А может, и не соврал Чаркин корреспонденту, может, и в самом дел мастерство в их роду велось от самых петровских времен или даже еще старее? Кто знает, все могло быть, тут гадать не приходится. Но сколько бы лет ни насчитывалось мастерству, одно наверняка можно сказать, что в первый раз за все существование чаркинского рода открыто было оно постороннему, да к тому же еще и пришлому человеку.

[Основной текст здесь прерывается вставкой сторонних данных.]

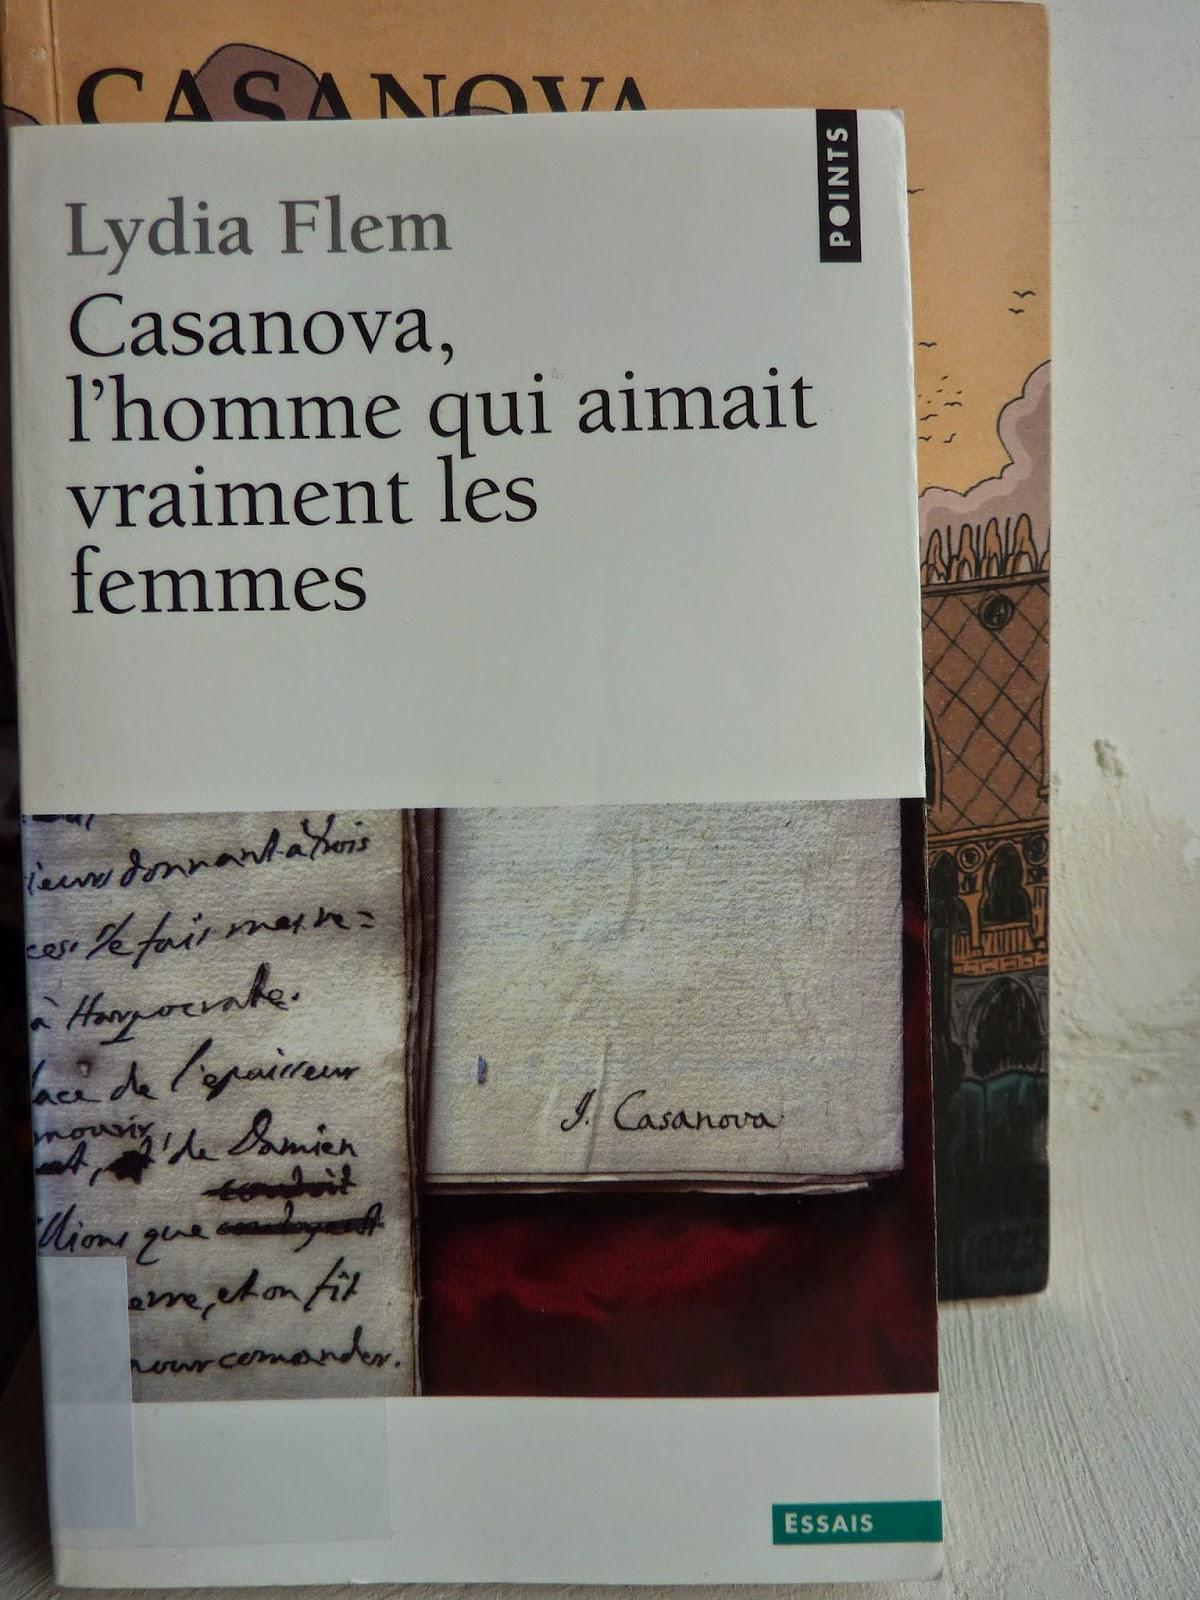 Casanova - Lydia Flem

Все как есть рассказал Чаркин ходокам, ничего не утаил. В ту пору у него под сараем начатый челночок стоял, – так гости и его осмотрели; Чаркин им на практике показал, что и как.
И уехали ходоки.
Оставшись один, долго сидел Чаркин на старой перевернутой лодке, курил, глядел на лесистое заречье. Дело к осени шло, в иных местах уже листву ржавчина тронула. Тишина была в лесу, только где-то далеко противными голосами кричали сойки. Да еще скованная лошадь гремела цепью в прибрежных кустах орешника, тяжело прыгала, пробираясь к реке. Прыгала, прыгала и наконец показалась – рыжая, с пролысинкой, в белых чулках, – спустилась с песчаного обрывчика, вошла по колена в воду, стала пить и чудесно, рыжими расплывами, отразилась в маслянисто-гладкой воде.
И Чаркина вдруг жажда одолела. Он никогда не пил из реки, – тепла вода, болотом отдает. Да и брезговал, конечно: шут его знает, чего нахлебаешься!
Он взял ведро, пошел к колодцу, крюком зачерпнул чистой, ледяной воды, напился всласть, потом поплескал на лицо, умылся. Ледяные струйки потекли под рубаху, за шиворот, приятно захолодило спину.
Покончив с умываньем, Чаркин выплеснул из ведра осталец и, зачерпнув еще раз, пошел домой.
В избе он сел к столу и огляделся: ох, нехорошо, не изба – прямо катух какой-то… Ладно, что гости ночевать не остались, а ну как другие с ночевкой припожалуют? В такой грязи свежему человеку дико покажется, скажет: куда я попал? Да полно, приедут ли еще другие-то? Фактически, приедут. Раз на весь Советский Союз прославился, так уж…
Чаркин решительно встал, принес с крыльца полное ведро и с размаху полыхнул его на пол. Потом достал из-под лавки исторический топоришко и яростно принялся скоблить черные, загаженные половицы.
1960 г.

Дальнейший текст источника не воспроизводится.